| Gordon Sande 2004-06-25, 7:43 pm |
| On Fri, 18 Jun 2004 19:21:35 -0300, Richard Maine wrote
(in article <m18yekeccw.fsf@macfortran.local> ):
> "James Giles" <jamesgiles@worldnet.att.net> writes:
>
>
> You mentioned that terminology question before. but I'm not
> sure that the terminology has changed.
>
> My early memories recall IBM mainframes having two separate things, a
> linker and a loader. I don't recall the exact names. (Something like
> linkage editor perhaps instead of linker?). Seems to me that what I
> recall the linker (or linkage editor) from then doing is much like
> what we now call linking.
>
> Though I guess I also recall the name "loader" on other machines,
> as with CDC's segloader, but that terminology is newer than IBM's,
> so I'm not sure it has as good a claim to being "traditional".
> Being a youth of a mere 52 years, I wasn't programming much in
> the 50's or even most of the 60's, so I guess I can't claim
> much direct exposure to "traditional" terminology.
>
> I would say that the term "link" makes more sense to me for this
> operation. The "interesting" parts involve connecting the links
> between the parts. The linker doesn't actually load the program
> into memory - that would be the loader (which us programmers
> normally don't have to deal very directly with, as it doesn't have
> as many issues that matter to us).
I had written (and deleted it before posting) a query on the previous
occasion as I had always understood the distinction to be that linking
was associated with the combining of the various object versions of
the programs, including their runtime support, into a single combined
whole. In the simple straightforward case this was mostly library
searching and sorting out of relocation information. This linking was
usually a separate utility.
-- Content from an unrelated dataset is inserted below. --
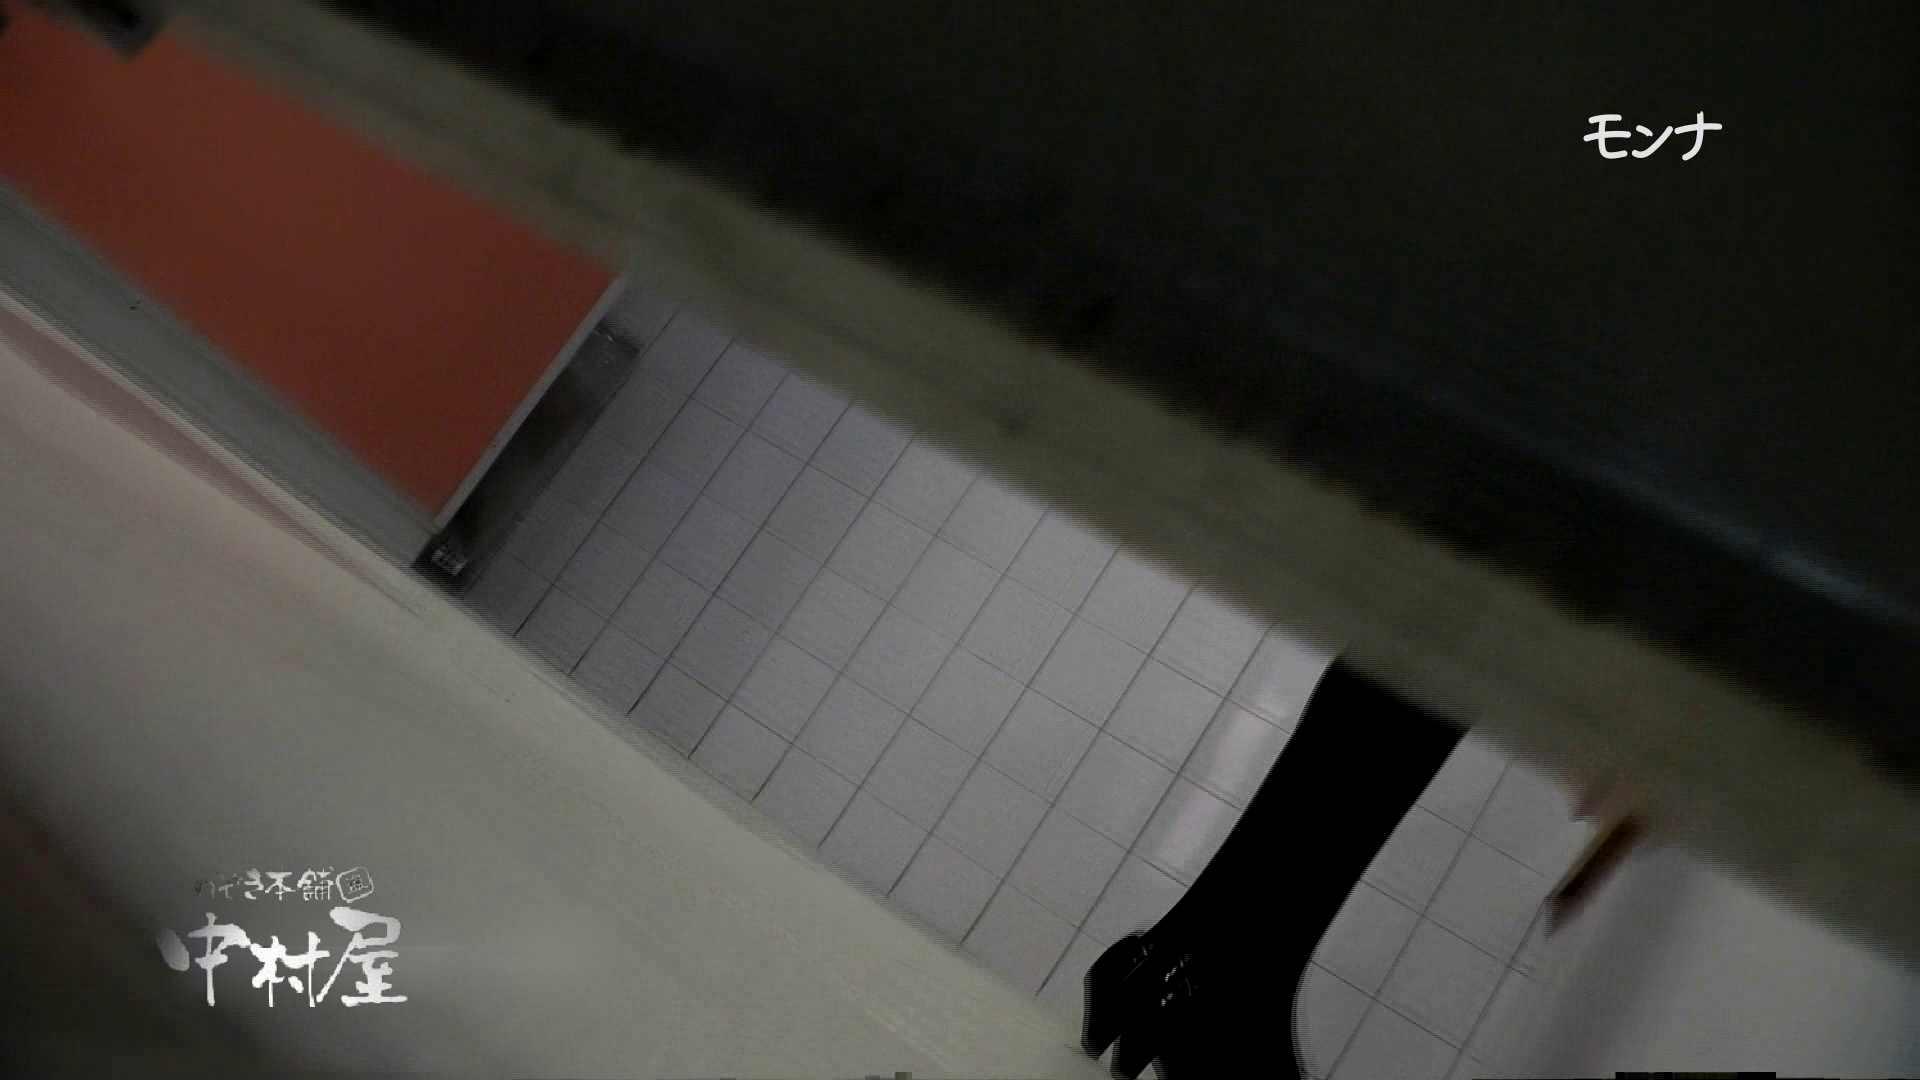 【美しい日本の未来】新学期!!下半身中心に攻めてます美女可愛い女子悪戯盗satuトイレ後編 下半身 覗きおまんこ画像 82連発 15

Loading was the action of bring the
whole thing into main memory, with some simple relocation, so it
could be executed. This is typically an operating system service.
Then things get murky as there are load-and-go systems where the
linker lays thing down directly in memory and then turns control
over to the result. And there is also dynamic loading which may
involve a fair bit of resolving symbolic names and sorting out
relocation which is much of the work of a linker. I have hazy
memories of some systems (Multics?) where this was actually
called dynamic linking.
On IBM/7090s for Fortran II there was a linker which included
knowing where the executable would be loaded (octal 400 as I
recall). Then there was a student faster turn around system
(Fastran) which had load and go as one feature and no
optimization as another. Fortran II did a lot of optimization
because it was guessed that the compiler had to produce good
to be accepted. IBM/360s had a linkage editor with loading
being an SVC. PCs with DOS had a linker with a fixed load
address (because Bill gates wondered why anyone would ever want
more than 640k long before things like my G5 Mac with 128M video
buffer). On Unix I recall something called ld. These all get
well hidden behind the standard compile-link-exececute command
file which seem to generate questions about how to indicate
additional libraries.
So my take on terminology would be compiler goes from .f90 to
..obj and then the linker goes from .obj to .exe and the operating
system load service executes the .exe in memory.